Load Testing with Impulse at Airbnb

[

Chenhao Yang

](https://medium.com/@chenhao.yang?source=post_page---byline--f466874d03d2---------------------------------------)

Comprehensive Load Testing with Load Generator, Dependency Mocker, Traffic Collector, and More

Authors: Chenhao Yang, Haoyue Wang, Xiaoya Wei, Zay Guan, Yaolin Chen and Fei Yuan

System-level load testing is crucial for reliability and efficiency. It identifies bottlenecks, evaluates capacity for peak traffic, establishes performance baselines, and detects errors. At a company of Airbnb’s size and complexity, we’ve learned that load testing needs to be robust, flexible, and decentralized. This requires the right set of tools to enable engineering teams to do self-service load tests that integrate seamlessly with CI.

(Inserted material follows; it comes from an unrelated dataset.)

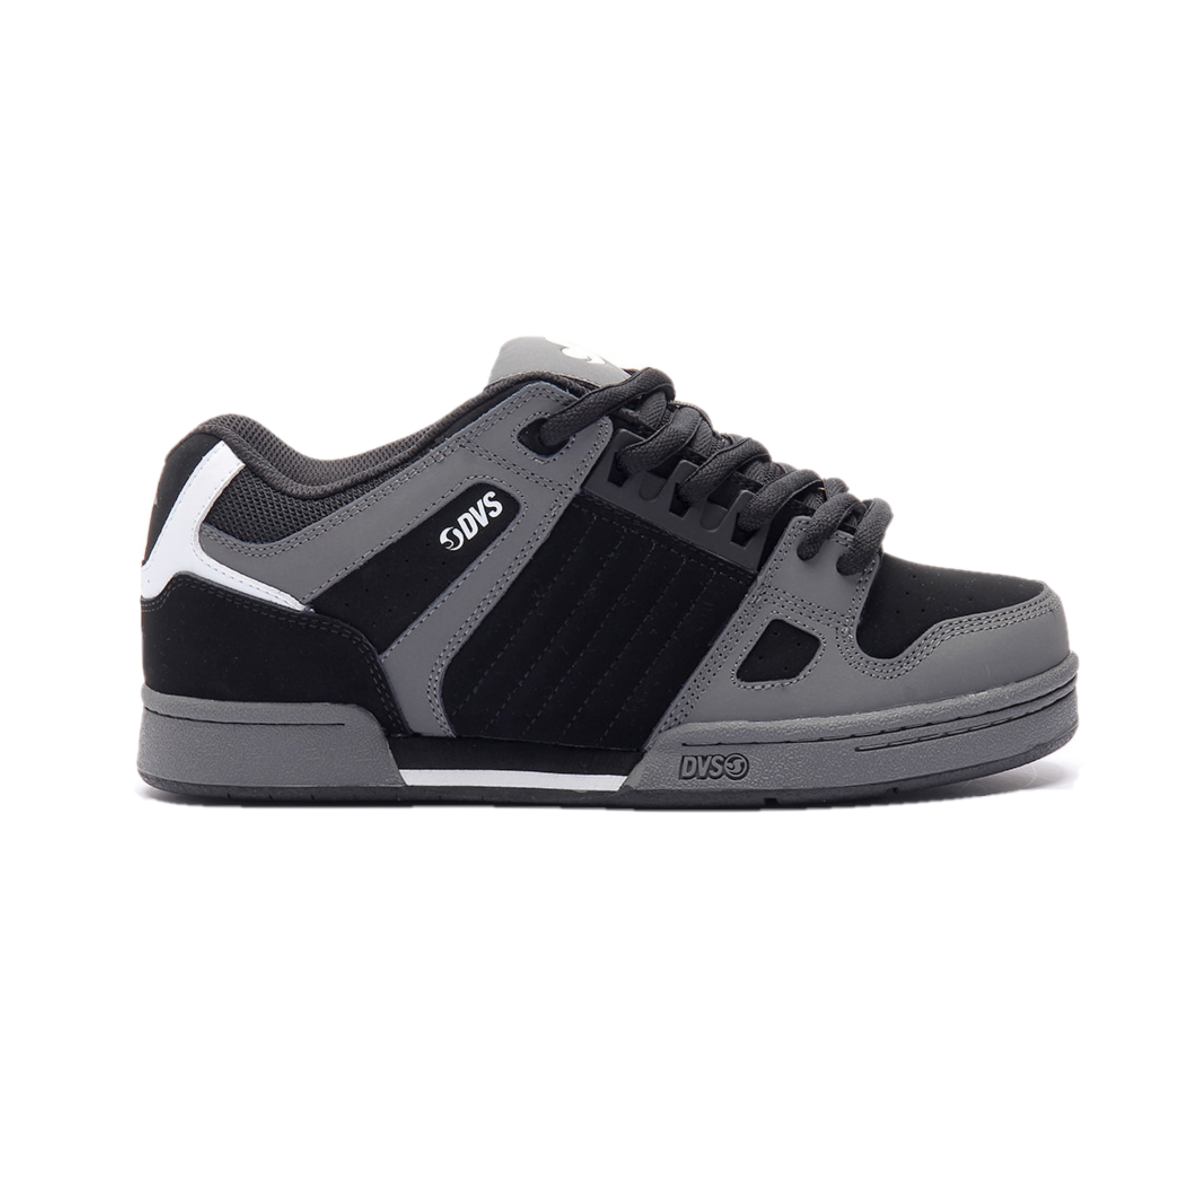 DVS F0000233037 CELSIUS MN'S (Medium) Charcoal/Black/White Suede, Leather & Nubuck Skate Shoes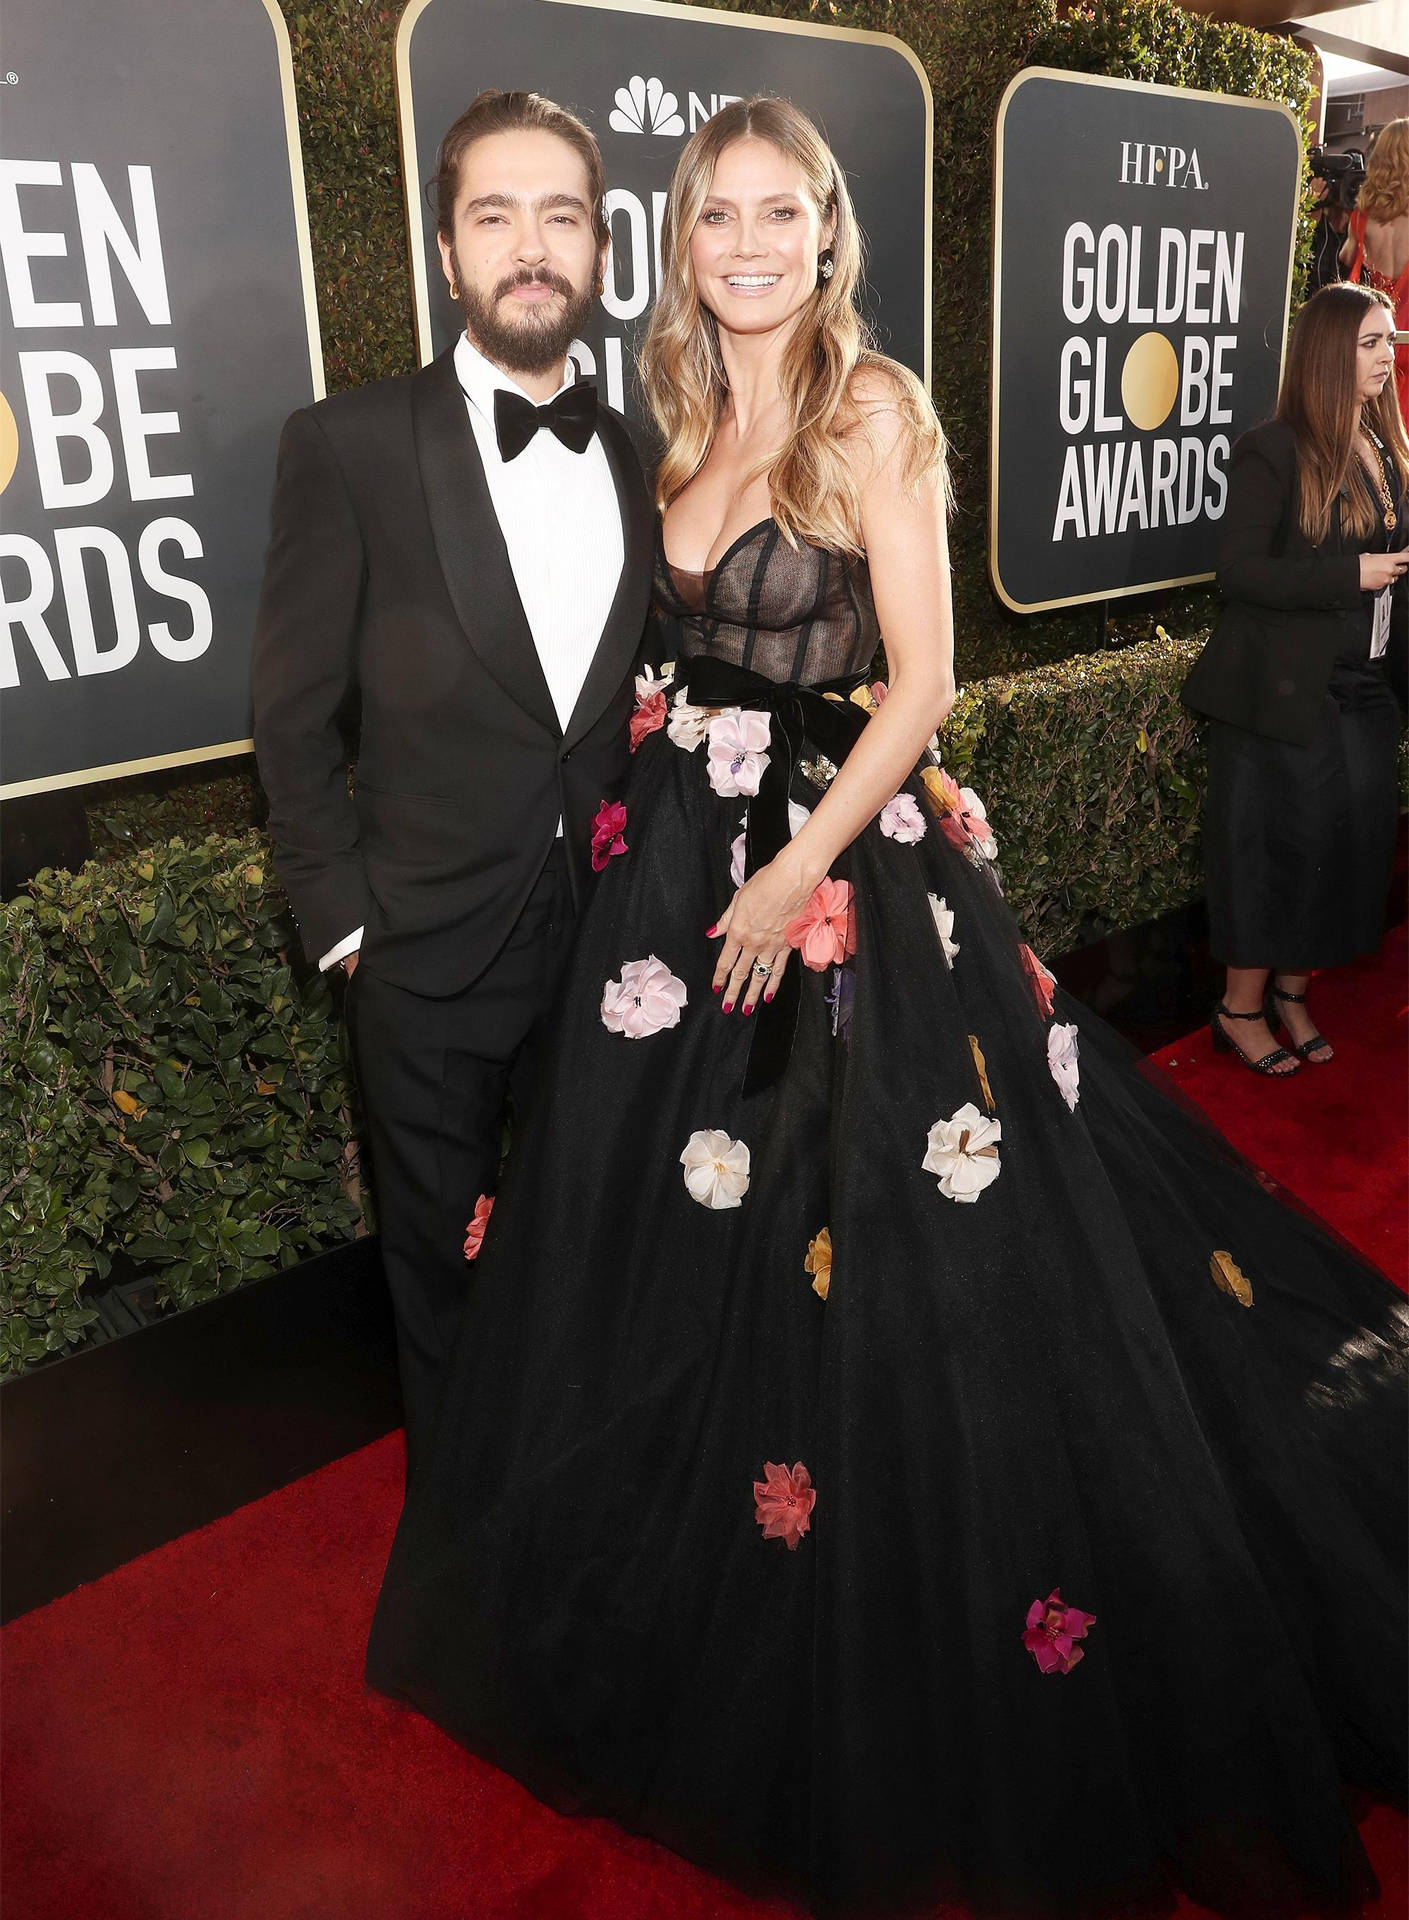 Heidi Klum On Golden Globe Awards

Impulse is one of our internal load-testing-as-a-service frameworks. It provides tools that can generate synthetic loads, mock dependencies, and collect traffic data from production environments. In this blog post, we’ll share how Impulse is architected to minimize manual effort, seamlessly integrate with our observability stack, and empower teams to proactively address potential issues.

Architecture

Impulse is a comprehensive load testing framework that allows service owners to conduct context-aware load tests, mock dependencies, and collect traffic data to ensure the system’s performance under various conditions. It includes the following components:

Load generator to generate context-aware requests on the fly, for testing different scenarios with synthetic or collected traffic.
Dependency mocker to mock the downstream responses with latency, so that the load testing on the service under test (SUT) doesn’t need to involve certain dependent services. This is especially crucial when the dependencies are vendor services that don’t support load testing, or if the team wants to regression load test their service during day-to-day deployment without affecting downstreams.
Traffic collector to collect both the upstream and downstream traffic from the production environment, and then apply the resulting data to the test environment.
Testing API generator to wrap asynchronous workflows into synchronous API calls for load testing.

Figure 1: The Impulse framework and its four main components

Each of these four tools are independent, allowing service owners the flexibility to select one or more components for their load testing needs.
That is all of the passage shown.